The most impressive part of the tour was its end. We got the chance to chat with our guide in the dark. We were allowed to ask anything, and he was eager to tell us about his life, his experiences, his perspective. He explained how he could slightly differentiate light but could not see. He told us that he used to see a bit more but that his ability became weaker over the course of time. He sincerely shared his life with us, telling about his kids, previous marriage, new girlfriend… No disability but only his kindness and sense of humor could distinguish him from other people. The museum indubitably succeeded in preventing any prejudice from surviving that corridor.
After saying goodbye to our guide, we ended up in a small half-lit room designed for the adaptation of the eyes to normal light outside. The museum had questionnaires available for the visitors’ input about the experience, seeking for ideas to enhance it. One particular question still lingers in my mind: What did you most miss during the ninety-minute tour of blindness?
I missed courage, courage to take a random step without hesitating or fearing what challenge might be faced in that step. I felt a lack of courage, a feeling which perhaps many people cannot escape at all in their daily lives.
“Dialogue in the Dark” made me speechless.
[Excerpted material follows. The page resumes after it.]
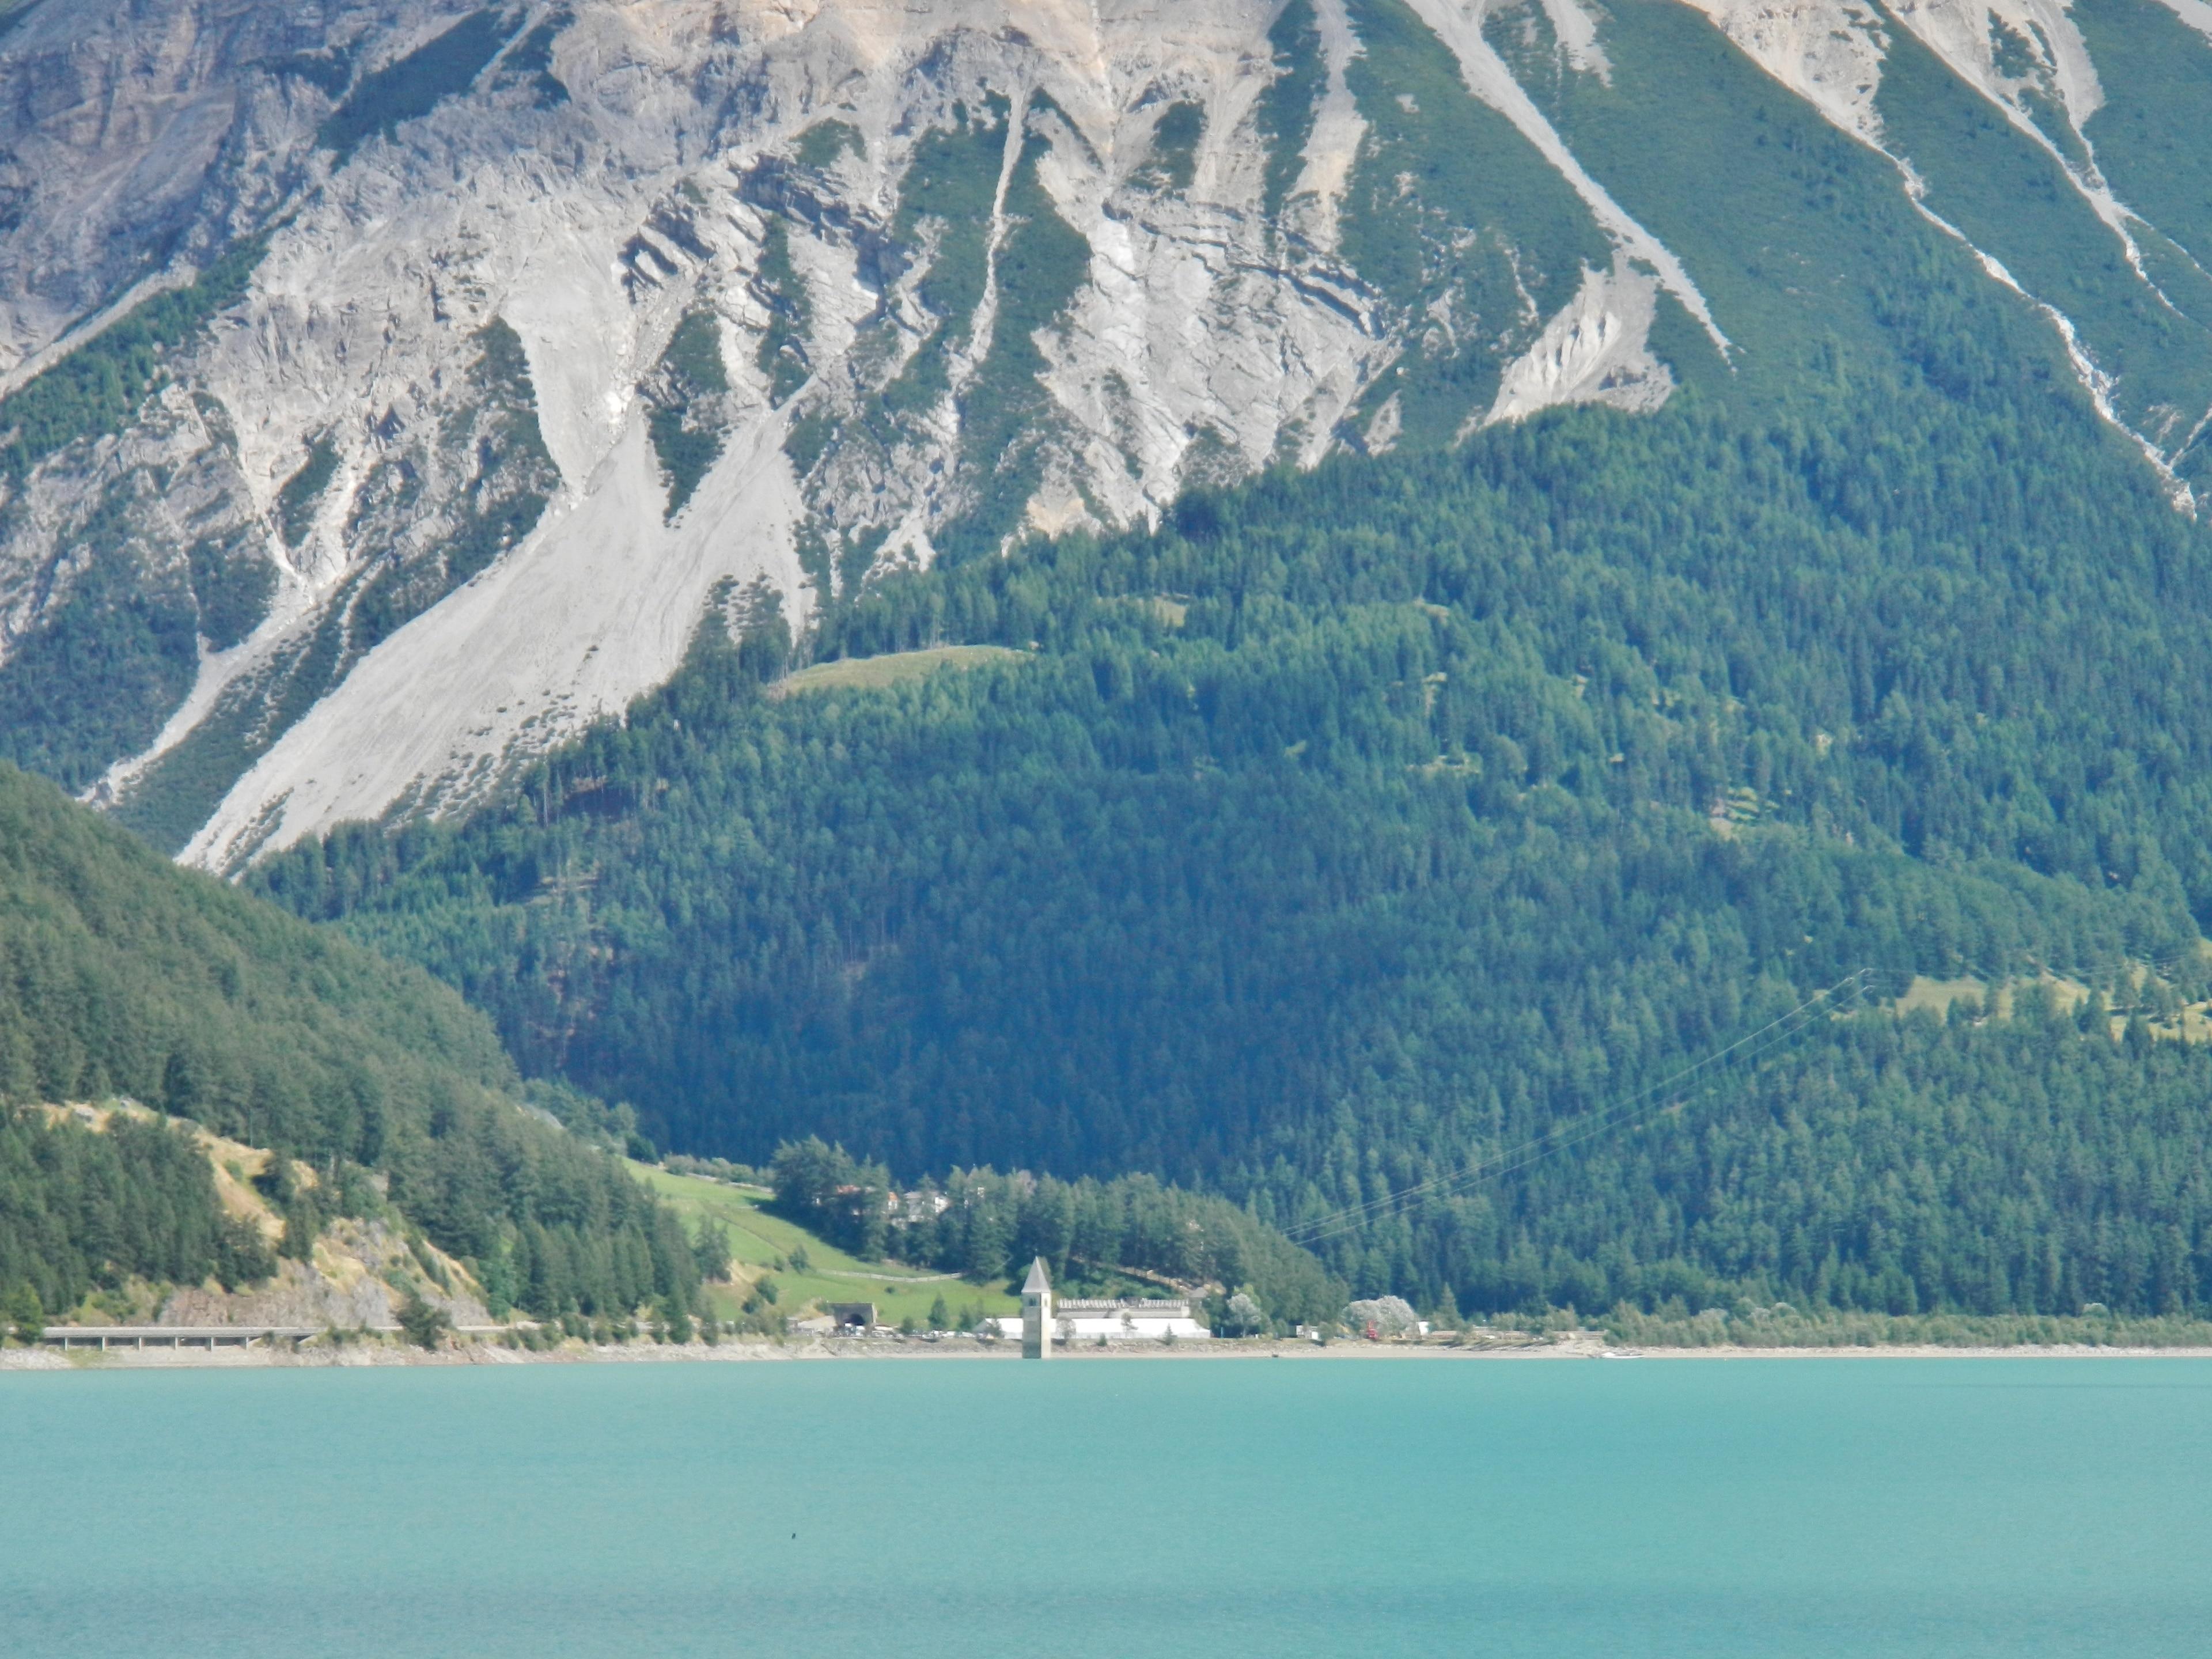 Lago di Resia, Curon Venosta, Trentino-Zuid-Tirol, Italië

On one hand I was extremely grateful for this opportunity of “seeing” and understanding. It illuminated me by creating awareness; I learned of the biases toward the sighted inherent in our society. On the other hand, I felt sorrow and disappointment because of society’s indifference, the obstacle of prejudice hampering every seeing eye. I started to notice the absence of ramps on our sidewalks, the paucity of traffic lamps with sound and our remaining ignorance.
Erasing all my prejudices in the oblivion of that dark corridor, the museum allowed me to see clearly by showing me what it’s like to be blind.